Many contemporary feminist artists do not so much create ruptures with the past as acknowledge a debt to a previous generation. This is one of the aspects that made 'Fusion Cuisine' as much a record of contemporary art by women as a retrospective of some of the fundamental ideas that have informed feminist art. For example, Patty Chang's physically exhausting performances create powerful associations between the interest in process and the gender politics so prevalent in the 1970s. In Melon (At a Loss) (1998) Chang is shown slicing her breast to reveal a melon, which she then consumes in a dispassionate but self-negating act. Also harking back to performance and process art is the videotaped, ceremonial-like performance The Burden of Guilt (1999), in which Tania Bruguera uses her own body to refer to history, trauma and collective memory.

Transforming domesticity and personal experience into political gestures has long been a feminist practice, one employed here by Janine Antoni and Catherine Opie, whose depictions of lesbian relationships challenge dominant heterosexual assumptions. In her photographic triptych Mom and Dad (1999) she portrays her parents in roles that play with traditional ideas of male and female.

The influence of commodity culture and representational codes in structuring gender roles emerges in Despina Meimaroglou's work, in which the idealized image of a Barbie doll is given ageing facial features to expose the dictates of beauty stereotypes. The ways in which consumerism conditions women also comes up in Sylvie Fleury's gold-plated shopping cart rotating on a mirrored pedestal and in Liza Lou's mocking but pensive Super Sister (1999), a gun-wielding life-size dummy studded with gold beads.

Lisa Yuskavage's mock salon-style paintings of a reclining female nude touch on another of feminism's preoccupations - the exclusion of women artists from art history and the depiction of women as objects of desire. In a similar vein Hilary Harkness questions the relationship between sexuality and power in her paintings of an all-female team of industrial workers.

Lee Bull's Cyborgs (2002), sculptures that resemble hybrids of women and machines, consider the effects of technology in conditioning sexuality. So does Kiki Seror's work, whose Duratrans light-boxes feature fragments of sexually explicit words exploring the world of cybersex and the ways that information technology shapes sexuality.

Although much of the work in 'Fusion Cuisine' explores similar territory, it comes at the ideas from a wide range of angles. Maria Papadimitriou's 'sucksexfull', stencilled in a black font to resemble an advertising hoarding, makes fun of stereotypes about sexuality and femininity, but also of women for passively adhering to such stereotypes. With analogous brashness and ambiguity Camilla Dahl's Champagne Bar (2001), a sink-like appliance from which champagne is served, plays on the idea of servility and sexuality.

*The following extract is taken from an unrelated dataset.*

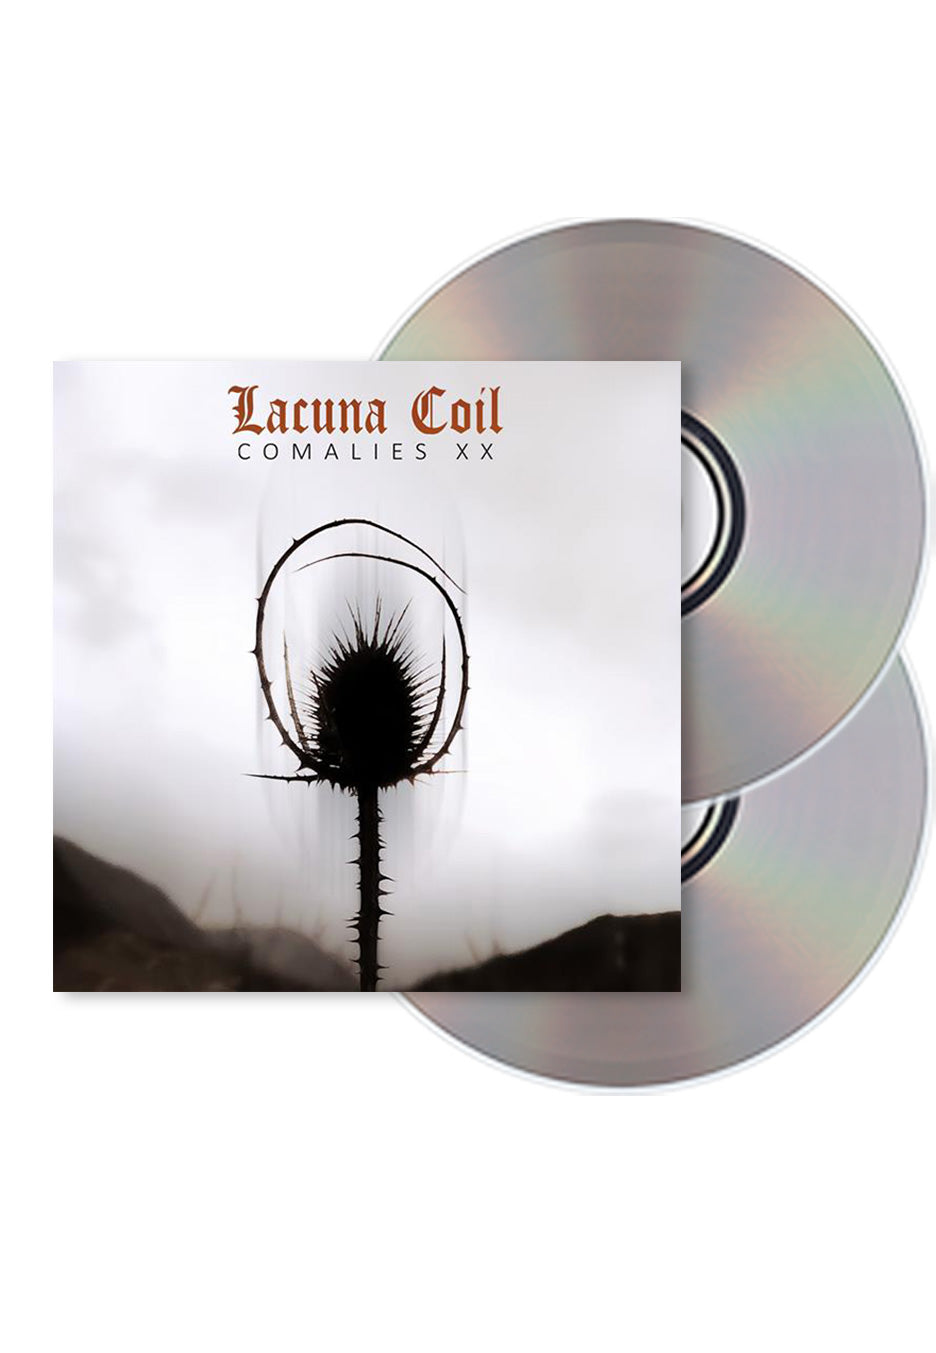 Lacuna Coil - Comalies XX - 2 CD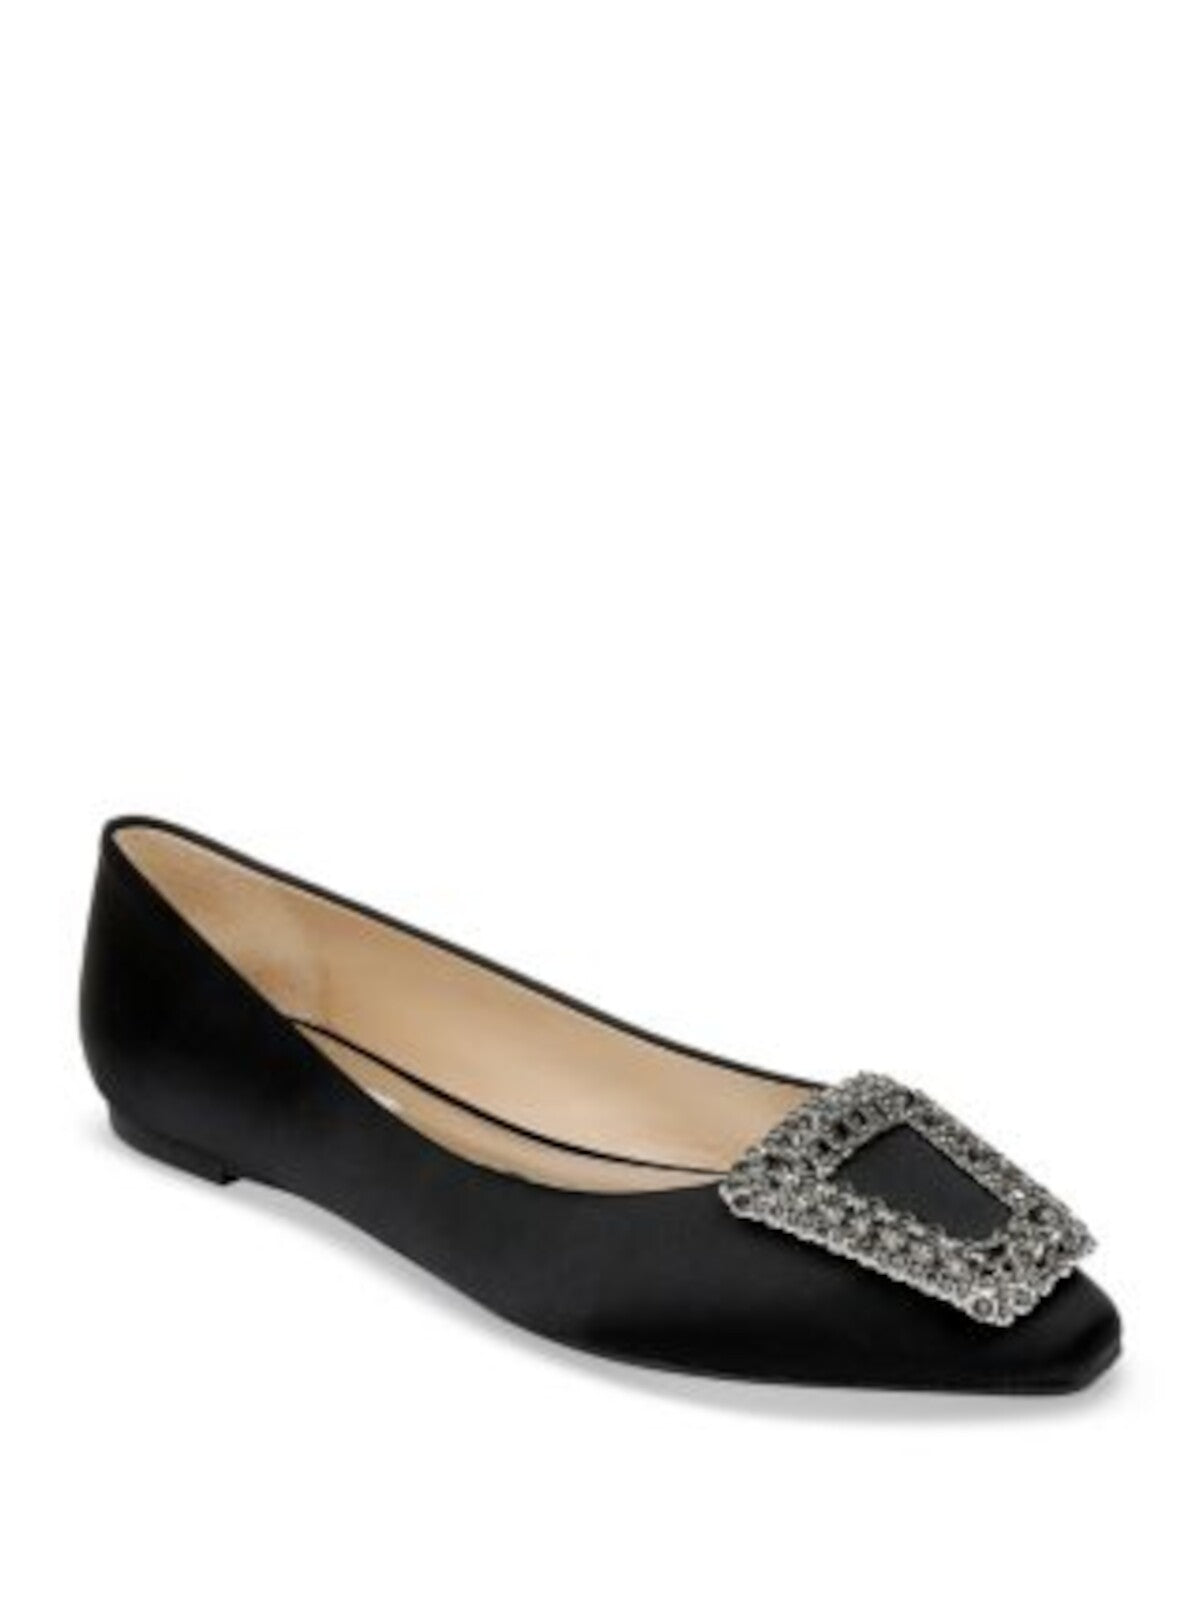 BADGLEY MISCHKA Womens Black Embellished Hardware Rhinestone Padded Emerie Pointed Toe Slip On Flats Shoes 6.5

Monica Bonvicini's installation of sleek leather-bound chairs explores design and architecture in relationship to gender; Lina Theodorou attacks traditional gender roles by interrupting the flow of a video showing middle-aged women shopping at the open-air food market with phrases full of violent connotations.

Cultural complexities and racial difference in respect to gender are topics raised in Elahe Massumi's video A Kiss is not a Kiss (2000), which explores the story of a girl living in India who is forced into prostitution, and in the visual collages of Fatimah Tuggar, in which the artist creates a playful reversal of gender roles in the West and in Third World countries. Jitka Hanzlova's elegant photographs explore the lives of women of different ages, social backgrounds, ethnic origins and urban surroundings.

Perhaps the most poetic work in the exhibition was Cosima von Bonin's installation The Cousins (2000), a ranch fence made of Laura Ashley fabric, set against the background of an embroidered painting in which the figures of two cowboys are barely delineated. Von Bonin touches on multiple issues in a work of visual strength and subtlety. Like much of the best post-feminist art, it is at once cool and emotional, intricate and direct.